The traversal processing unit 105 stores information (for example, information in which identification information of a vertex included in a route is arranged in order) of a route that has been identified in Step S29 in the output data storage unit 115 (Step S31). Then, the process ends. Note that the traversal processing unit 105 may be configured to output information of the route stored in the output data storage unit 115 (for example, display the information on a display unit or transmit the information to a transmission source of a traversal query).

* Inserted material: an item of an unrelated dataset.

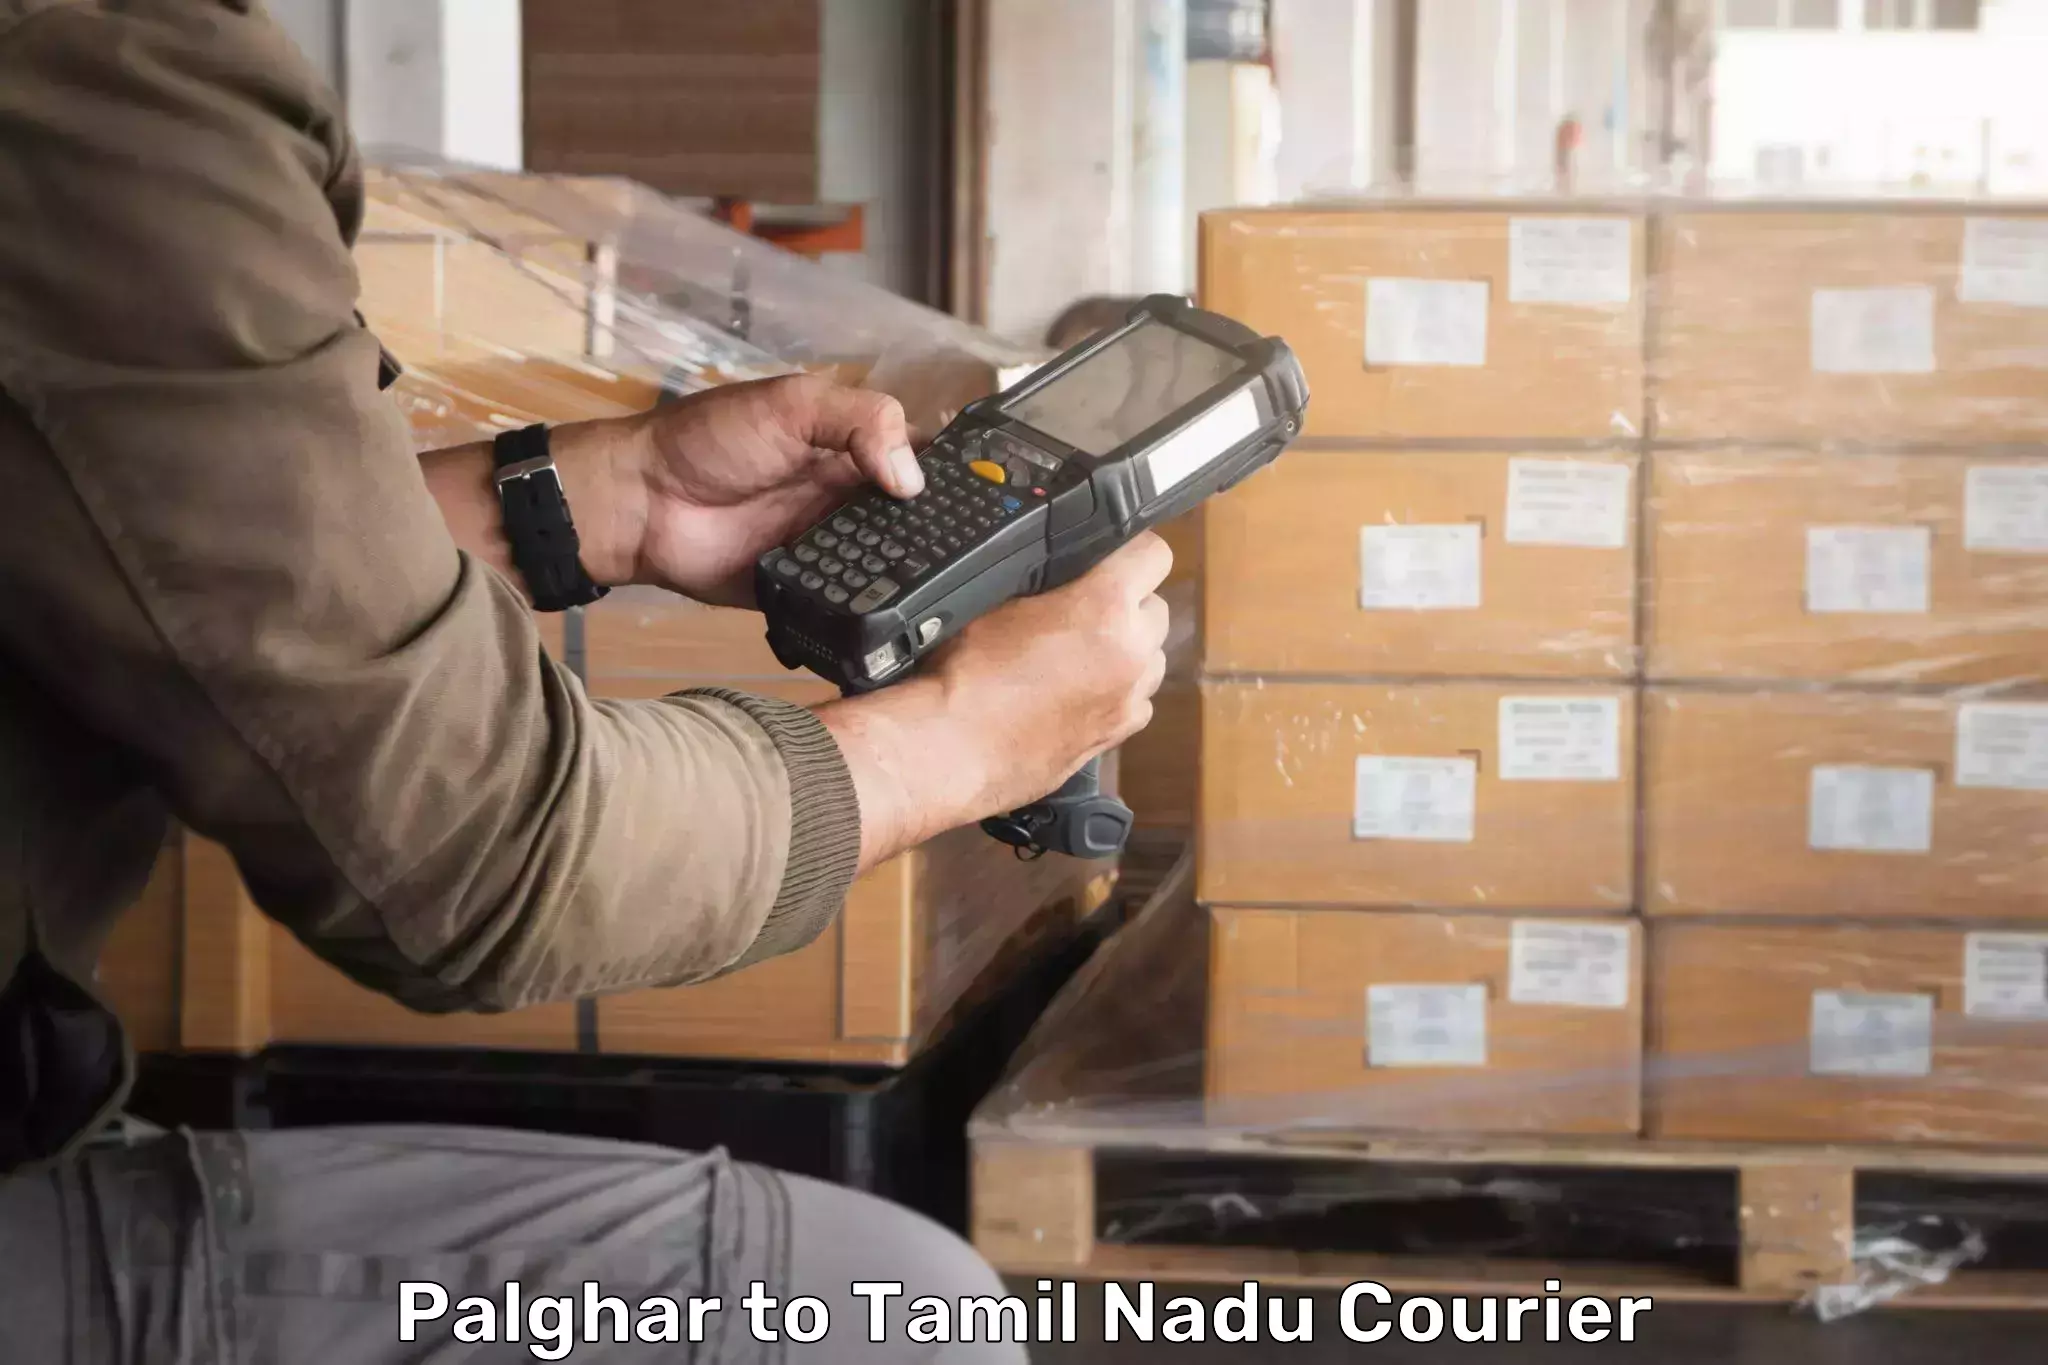 Advanced shipping network Palghar to Tiruchendur

Normal graph traversal has a feature that the number of vertices that are searched and the number of times of random access substantially match. In contrast, in the method of this embodiment, vertices are classified into groups, based on a hub and one random access is executed on a plurality of vertices. Thus, even when a route goes through a hub, it is possible to restrain increase of the processing time caused by increase of the number of times of random access. Depending on the complex network, the number of digits of the processing time may be largely reduced.

Note that, for details of normal graph traversal, please refer to an appendix.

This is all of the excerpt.